FIGURE 1. ¹⁸F-Sodium Fluoride PET/MR for Cardiac Amyloidosis.

(A) Short-axis hybrid positron emission tomography/magnetic resonance (PET/MR) image demonstrating increased ¹⁸F-sodium fluoride uptake in a patient with transthyretin-related (familial) amyloid (ATTR) colocalizing to areas of late gadolinium enhancement (white arrows) in the inferolateral wall. Maximum target-to-background ratio (TBRmax) values in patients with ATTR were 48% higher than subjects with acquired monoclonal immunoglobulin light-chain (AL) amyloid and 68% higher than controls, both of whom demonstrated low myocardial uptake, below blood-pool levels (target-to-background ratio = 1.0). (B) Dynamic imaging assessing mean target-to-background ratio (TBRmean) values over time confirmed clear discrimination between the 3 groups, with greatest separation ≥60 min post-injection.

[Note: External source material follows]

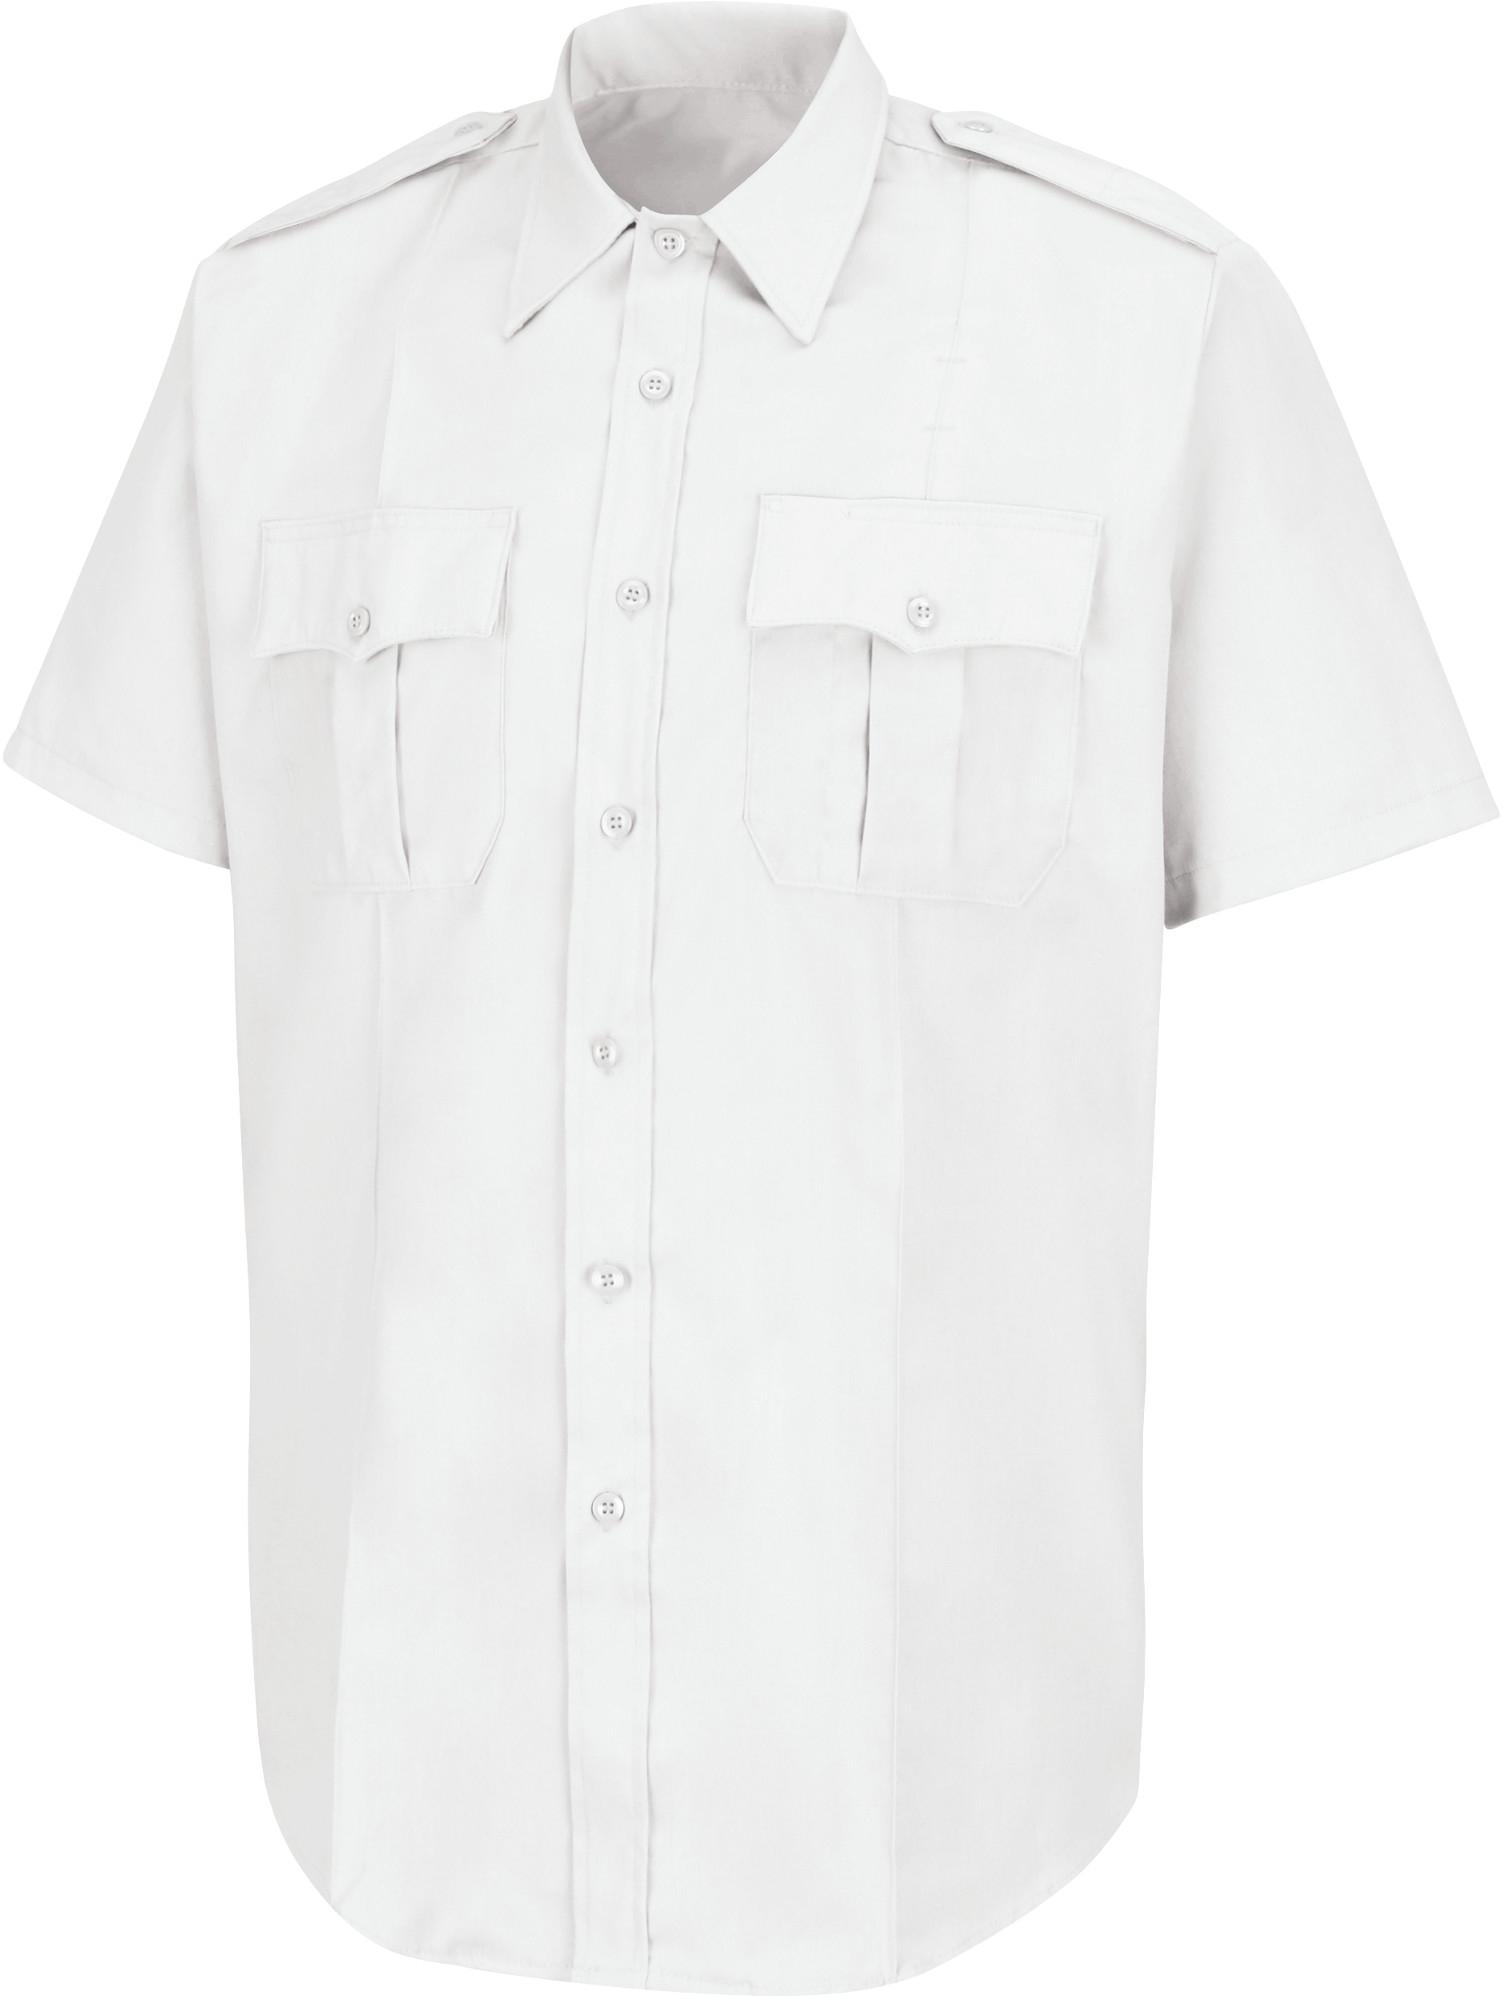 Horace Small Sentry Action Option Shirt 1733 Dark Navy

In conclusion, myocardial uptake of ¹⁸F-sodium fluoride is low, less than the blood pool, in control subjects and patients with AL amyloid. By contrast, increased ¹⁸F-sodium fluoride uptake is observed in areas of ATTR colocalizing to regions of LGE. Hybrid ¹⁸F-sodium fluoride PET/MR has the potential to aid in the diagnosis of cardiac amyloidosis, identify characteristic LGE, establish systolic function, and differentiate AL and ATTR all within a single accurately coregistered scan. Larger studies are now required for confirmation.